Again, the appellant submits that the defence case on this count was not adequately put. The Judge said:
“... And then on count 2, he says if you look at all of this, isn't this simply Mr Scanlan negotiating a purchase; simply an agreement to purchase; no conspiracy in it at all – and he refers, of course, to the bank statements and so on. He says there is no evidence he had any money. Well I've discussed that with you ...”
We do not accept the appellant’s submission that neither the elements of a conspiracy nor the defence case was adequately covered in the summing up. Our earlier comments on the context in which the summing up must be placed, hold true also for the summary of the defence case on count 2. We consider also that the direction on conspiracy captures the essential elements of the offence and are adequate.
The appeal against conviction is dismissed.
The appeal against sentence
The appellant was sentenced to 8 years imprisonment on the first count and convicted and discharged on the remaining counts.

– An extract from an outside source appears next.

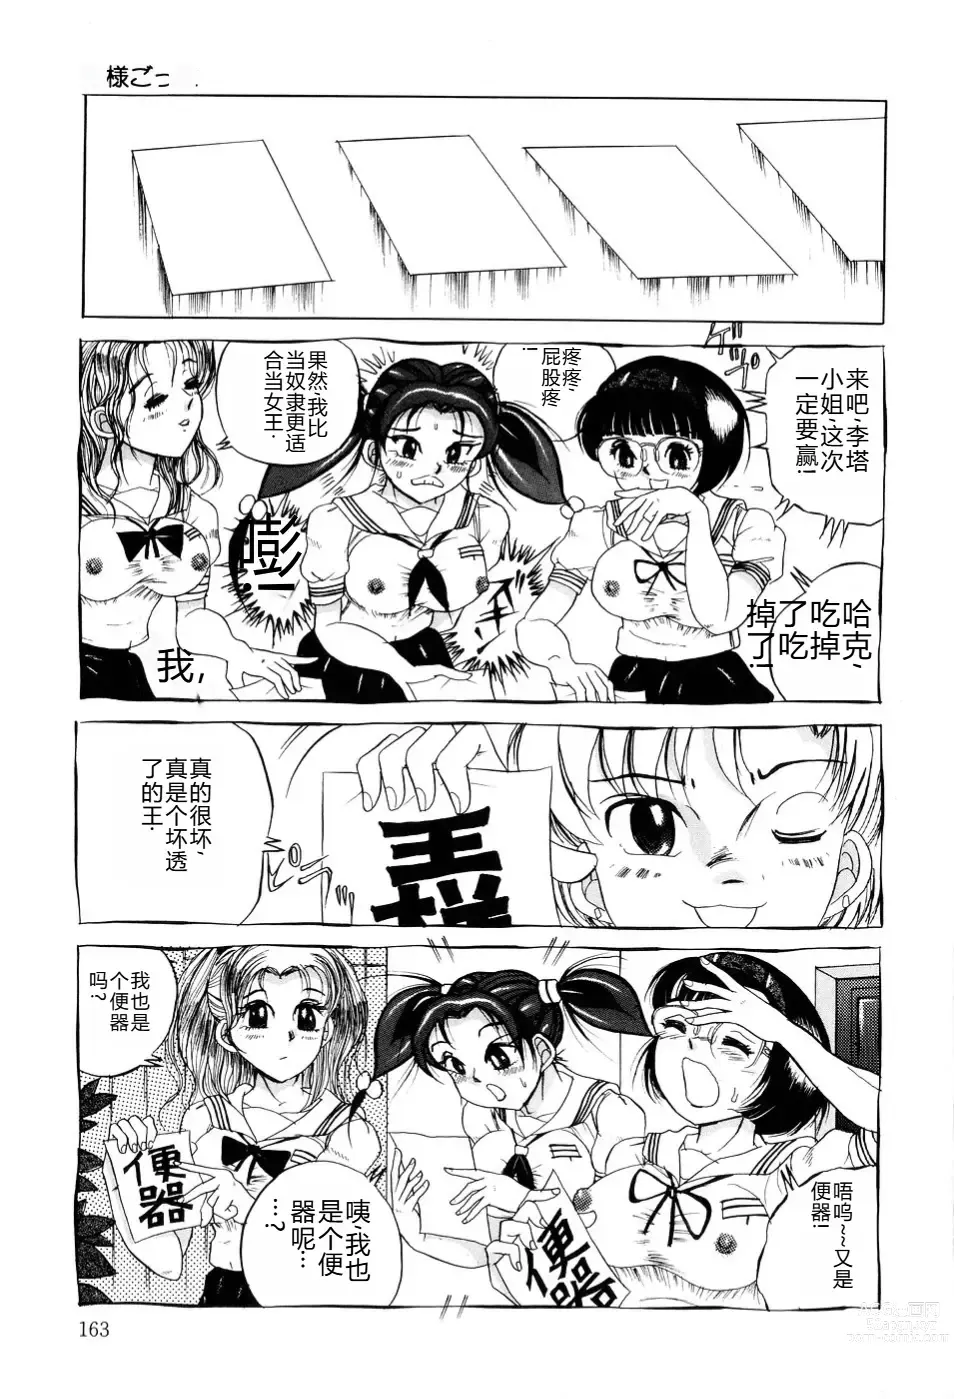 Page 164 of manga Kusozume Benkihime

At sentence the trial Judge noted the authorities: R v Wallace and Christie CA [1999] 3 NZLR 159 and R v Van Lent CA 166/99 29 September 1999 that while he considered the offence to be a commercial activity, it is also apparent from his comments on sentence it was treated as an isolated one. The courier [N] had already been sentenced following an early guilty plea to 5 years imprisonment for importing and conspiring to supply “ecstasy”. He was also given a reduction in his sentence because of the considerable assistance afforded to the Police. From a starting point of 10 years imprisonment described by this Court on his appeal against sentence as at the upper limit but within the available range, the 5 year total sentence of imprisonment was reduced to 4 years.
There were no such mitigating features allowing the trial Judge to reduce the appellant’s sentence. Credit was given however, for the fact that although not a first offender he had no previous conviction history for drug offending. To have reached a sentence of 8 years imprisonment the Judge must have started at 9 or 10 years. We agree that this was within the range and that there is no significant disparity between the sentence imposed on the appellant and on [N].
The appeal against sentence is dismissed.